Data segment:
*-*-*
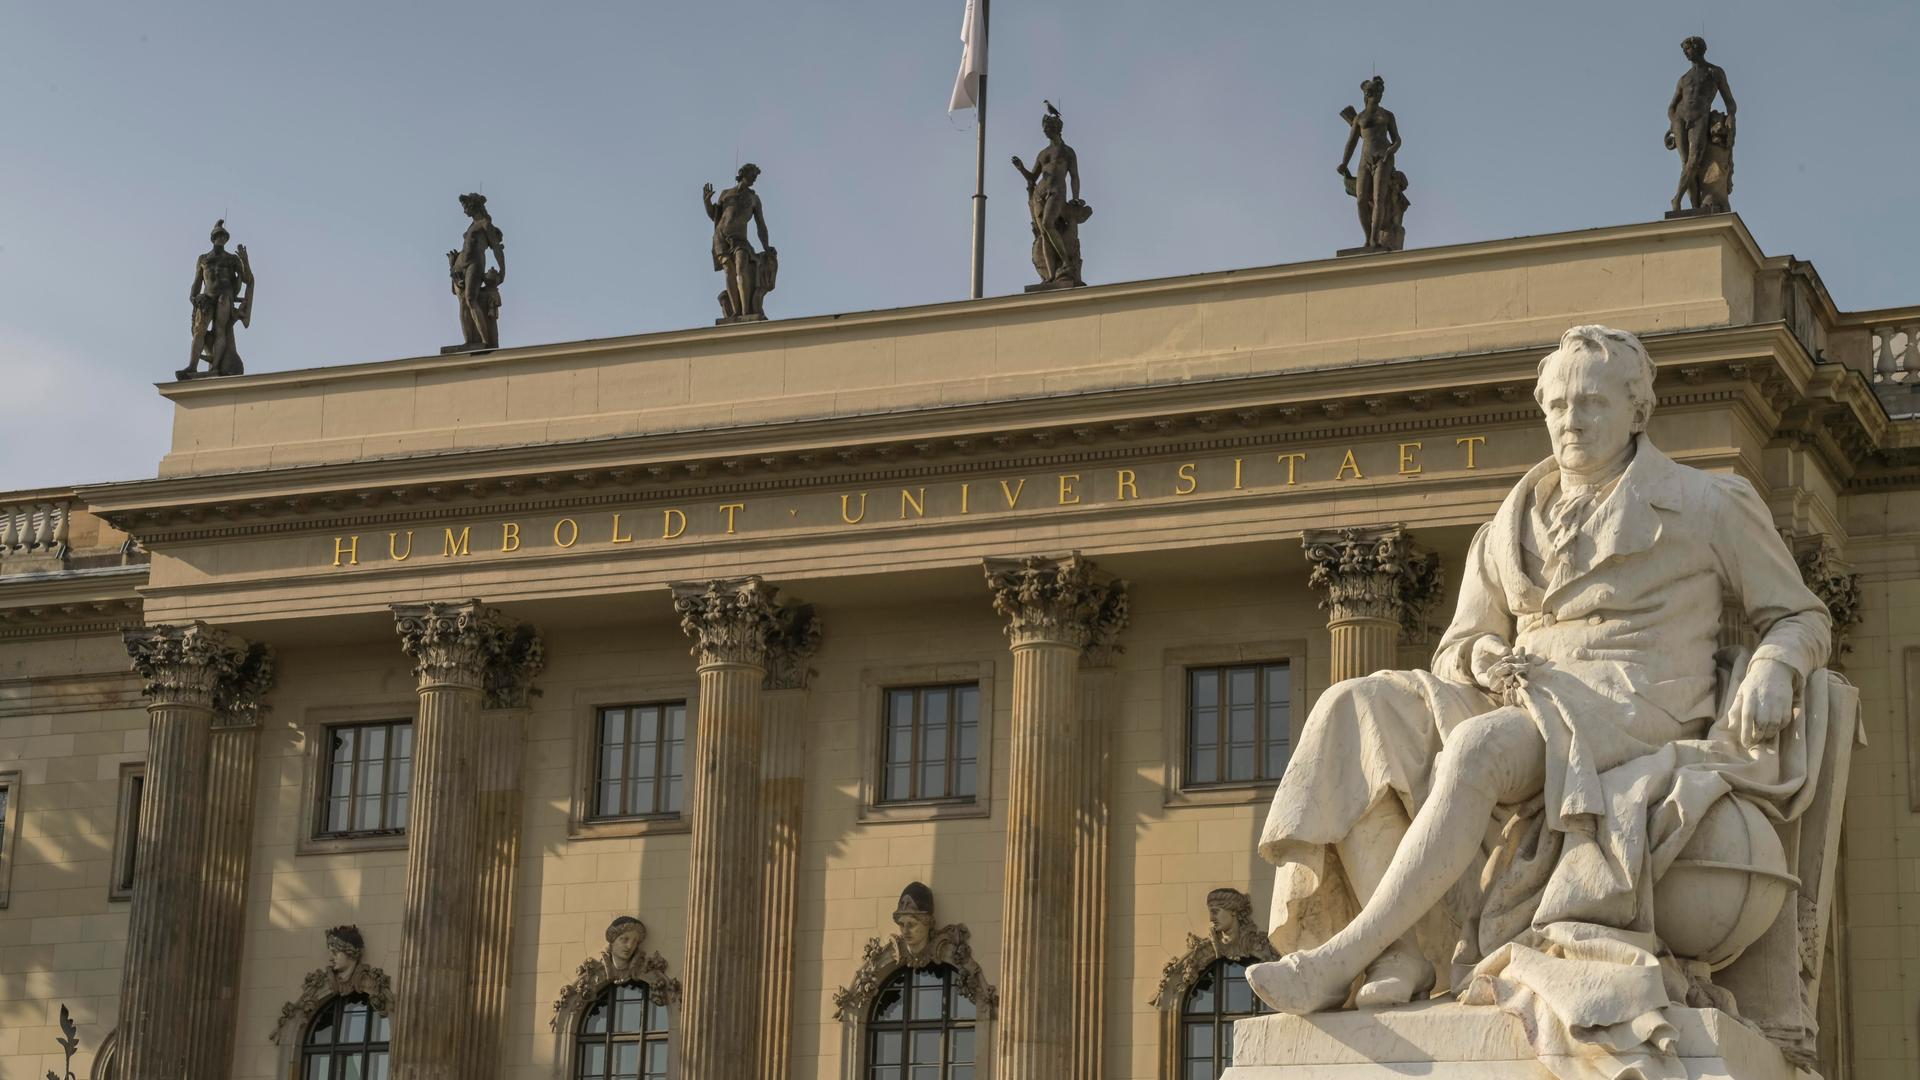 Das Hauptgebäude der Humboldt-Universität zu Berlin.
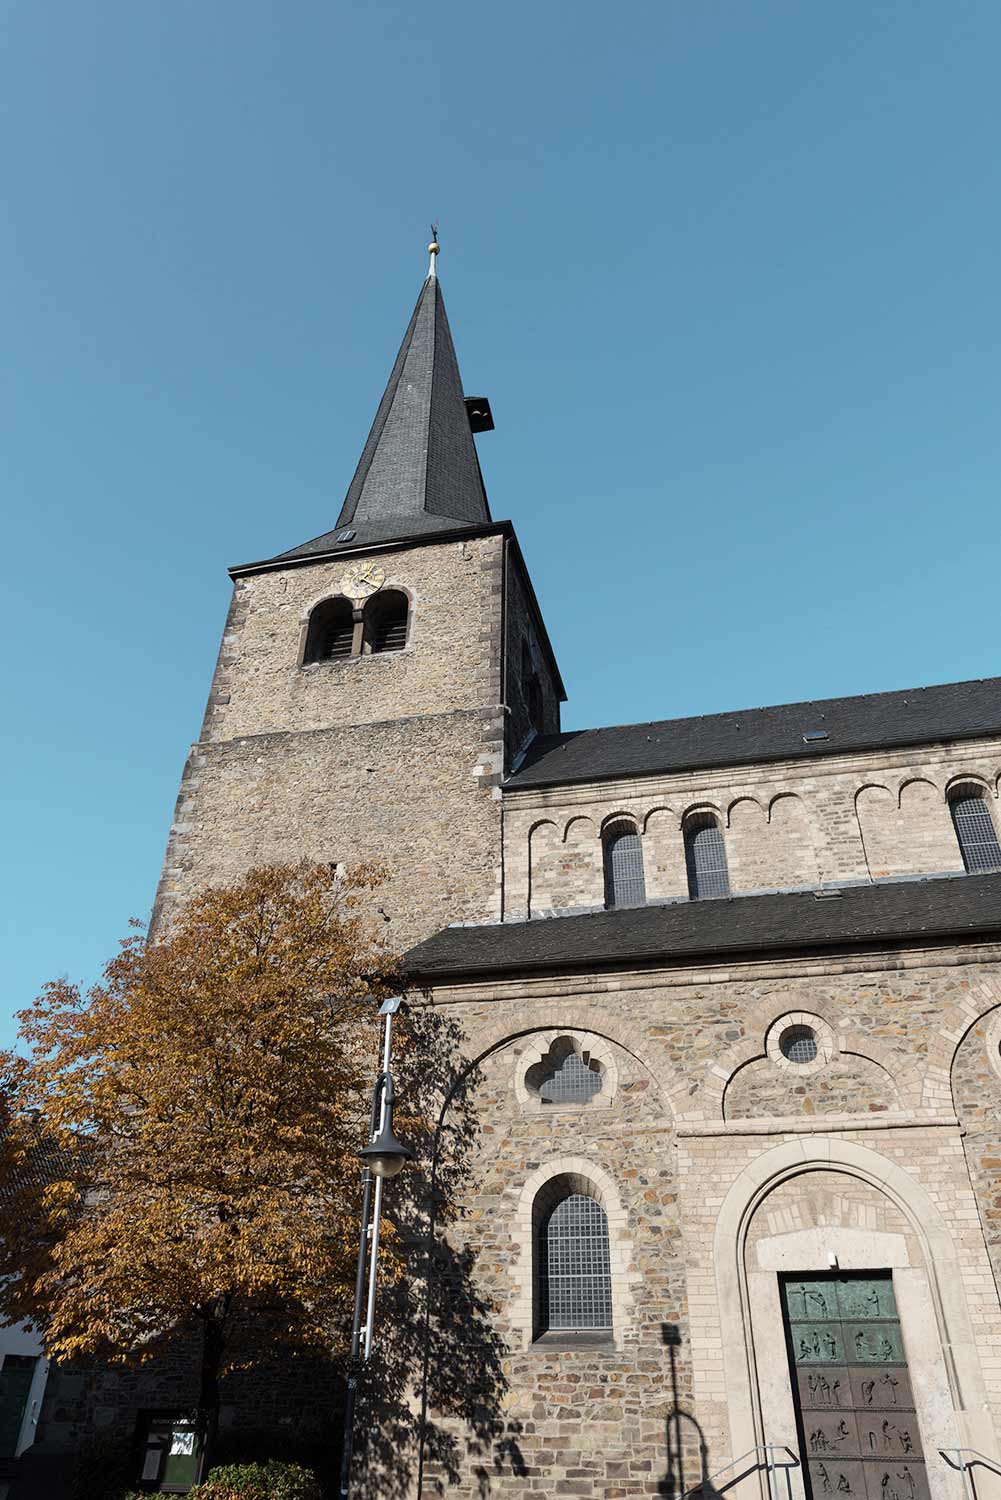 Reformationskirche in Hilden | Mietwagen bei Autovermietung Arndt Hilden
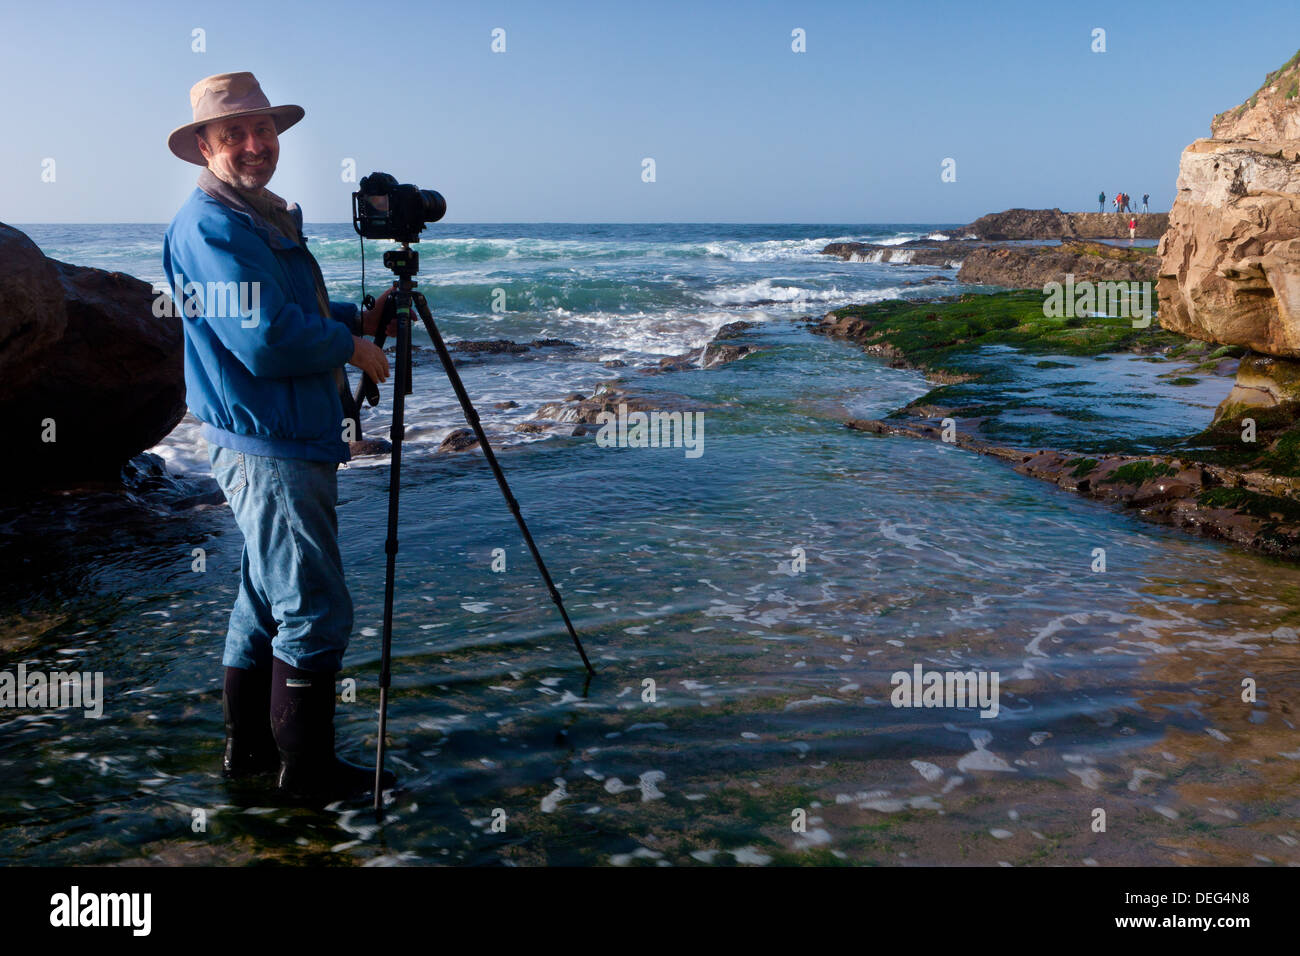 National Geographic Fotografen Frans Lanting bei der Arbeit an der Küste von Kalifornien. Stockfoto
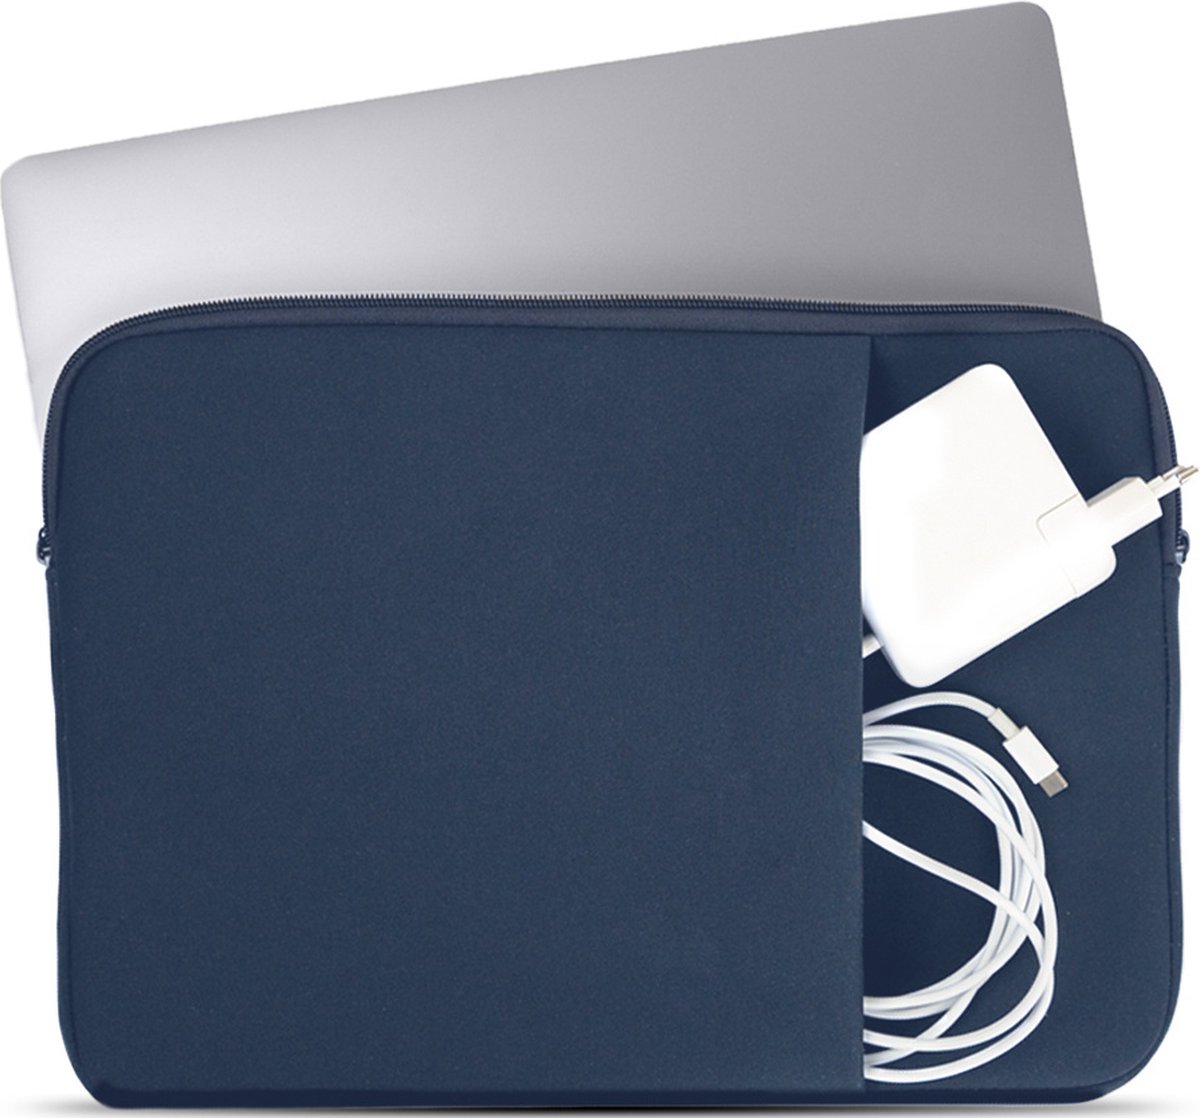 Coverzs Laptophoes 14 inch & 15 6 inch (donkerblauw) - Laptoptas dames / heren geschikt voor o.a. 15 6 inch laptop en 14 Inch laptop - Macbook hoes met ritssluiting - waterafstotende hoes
*-*-*
What to do: Copy each line above exactly. Images do not belong in the copy.

Exercise solution:
 Das Hauptgebäude der Humboldt-Universität zu Berlin.
 Reformationskirche in Hilden | Mietwagen bei Autovermietung Arndt Hilden
 National Geographic Fotografen Frans Lanting bei der Arbeit an der Küste von Kalifornien. Stockfoto
 Coverzs Laptophoes 14 inch & 15 6 inch (donkerblauw) - Laptoptas dames / heren geschikt voor o.a. 15 6 inch laptop en 14 Inch laptop - Macbook hoes met ritssluiting - waterafstotende hoes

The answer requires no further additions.